Seeking a fundamental platform for business ethics, Wharton  Business School professors Thomas Donaldson and Thomas Dunfee describe the rights specified in the 1948 Universal Declaration of Human Rights as the “best accepted and most widely promulgated candidates for universal norms.” Yet the concept of human rights is potentially more than just a moral framework for voluntary corporate citizenship; it is also closely linked to a strong tradition of international and national law. Historically, human rights have been conceived in terms of individuals’ or groups’ freedom from abuse or arbitrary action by their rulers. In the Western tradition, the English Magna Carta of 1215, which constrained the King of England’s powers (for instance, to unlawfully imprison his subjects), stands out as an important early example formalizing such rights. The contemporary bedrock of human rights law is the International Bill of Human Rights, which was established by the United Nations (UN) and consists of three parts: the Universal Declaration of Human Rights, the International Covenant on Civil and Political Rights, and the International Covenant on Economic, Social, and Cultural Rights.

One important aspect of the emerging business and human rights agenda is the extent to which international human rights law is applicable to private-sector companies. Some legal scholars argue that the Universal Declaration is applicable only to the UN member states. But Louis Henkin, an influential former president of the American Society of International Law, articulated a counterargument that many others have adopted, based on the Universal Declaration’s preamble: “‘Every individual’ includes juridical persons. ‘Every individual and every organ of society’ excludes no one, no company, no market, no cyberspace. The Universal Declaration applies to them all.”
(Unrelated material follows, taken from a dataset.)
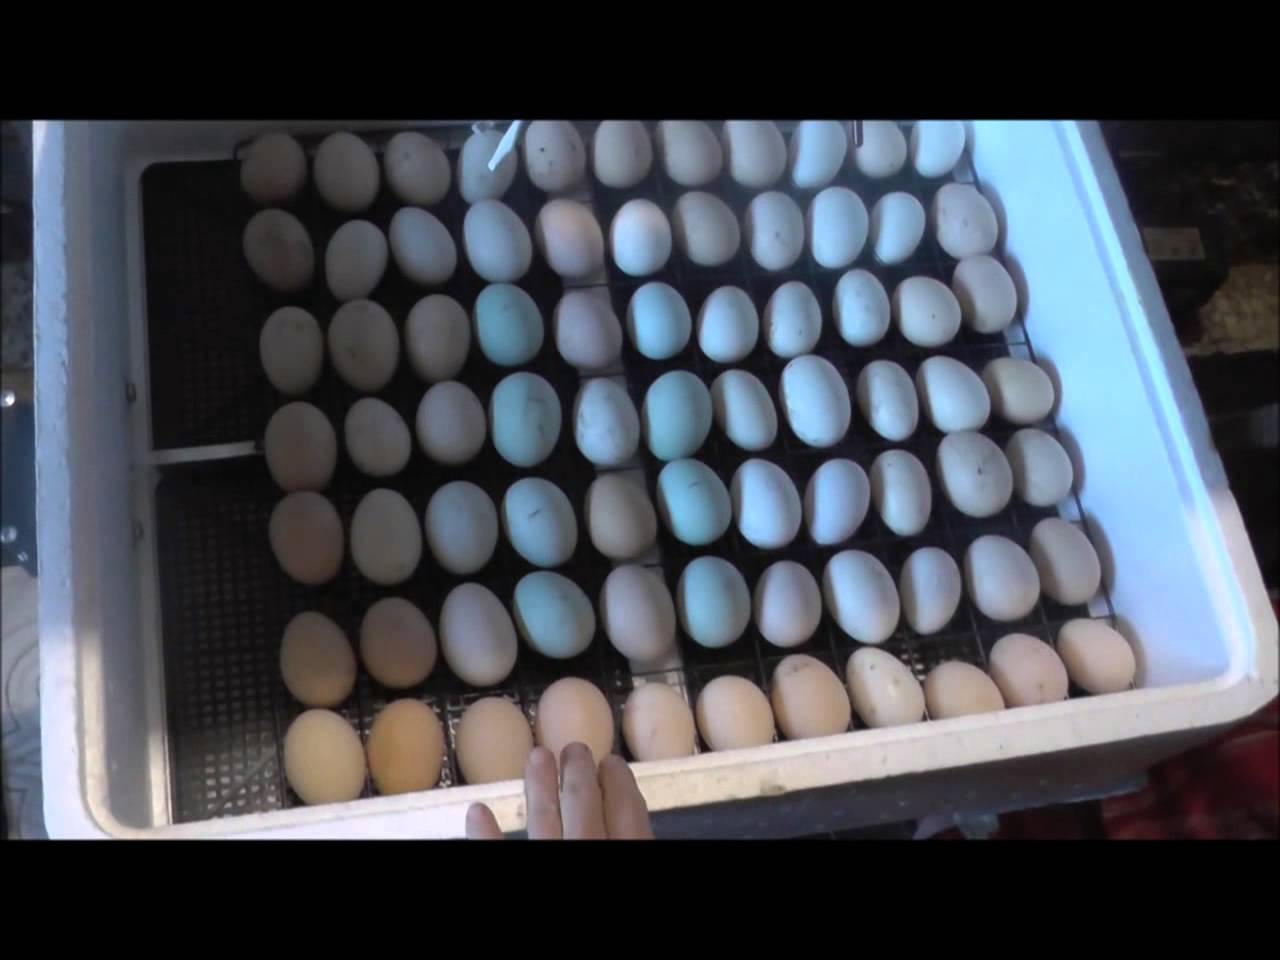 Каким концом закладывать яйца в инкубатор. Инкубатор би-2 104 яйца. Инкубатор Несушка би-1 би-2. Решётка для утиных яиц в инкубатор Несушка би 2. Инкубатор Несушка би 1 би 2 инкубация утиных яиц.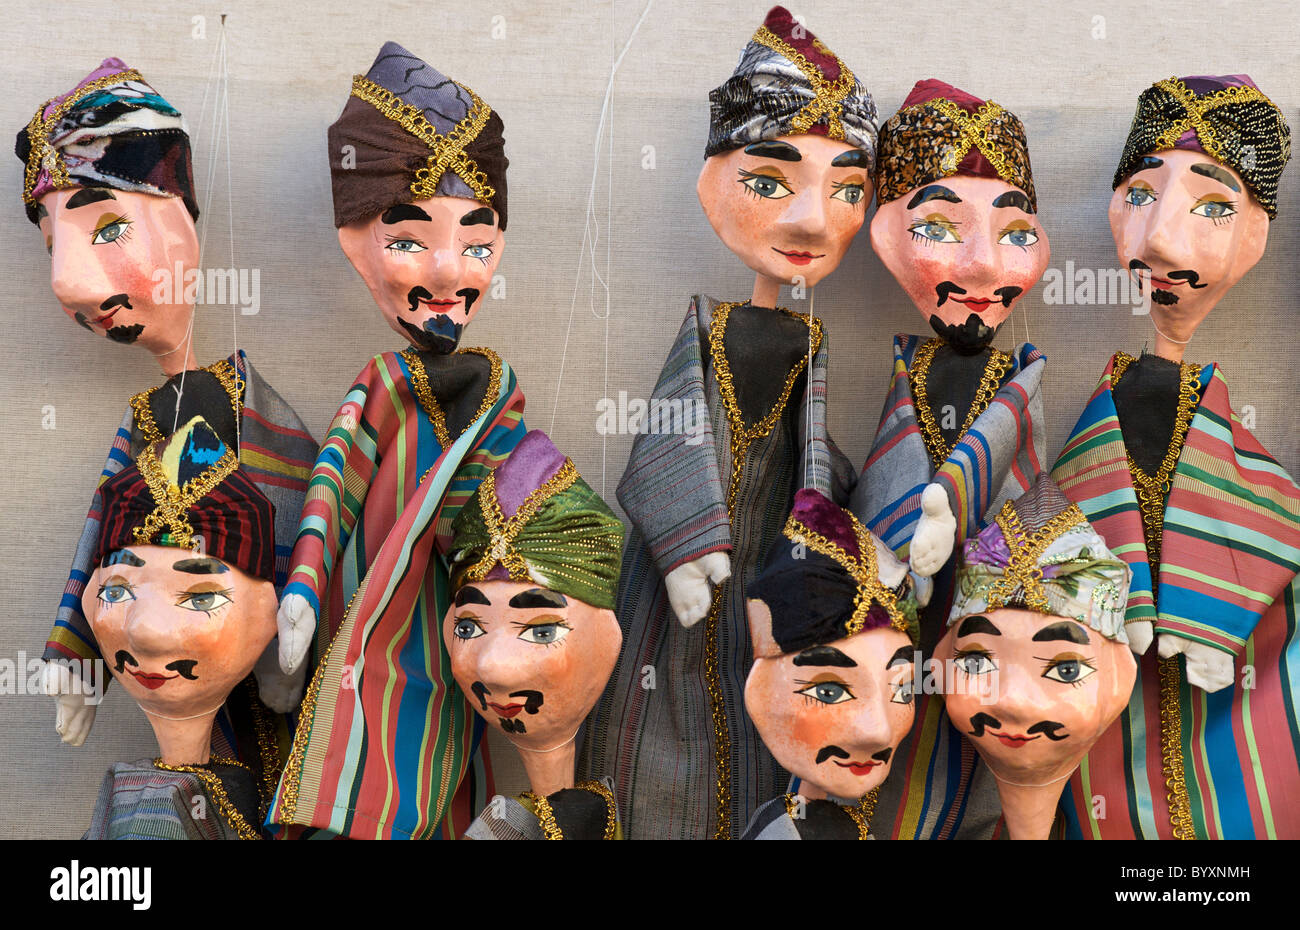 Traditional handmade Uzbeki puppets for sale at market, Khiva, Uzbekistan Stock Photo

An early initiative to formalize some sort of application of international human rights law to the private sector was the 1990 draft UN Code of Conduct of Transnational Corporations, but it did not achieve any formal status. In 2003, the UN Sub-Commission on the Promotion and Protection of Human Rights published the Draft Norms on the Responsibilities of Transnational Corporations and Other Business Enterprises with Regard to Human Rights (often referred to as the Draft Norms). The Draft Norms assigned far-reaching responsibilities for promoting and protecting human rights to companies, with emphasis on particular human rights, such as nondiscrimination, security of persons, and rights of workers. Acrimonious debates ensued, as business representatives and many governments argued that human rights responsibilities normally attributed to states should not be extended to the private sector. When the Draft Norms failed to become formally adopted, the UN Commission on Human Rights established the position of the Special Representative of the Secretary-General on the issue of human rights and transnational corporations and other business enterprises, with the incumbent John Ruggie mandated in 2005 to provide an overview of international standards and practices, as well as his views and recommendations. The final report of his first three-year term has done much to create a common point of departure in these debates, especially considering the hostility surrounding previous proposals.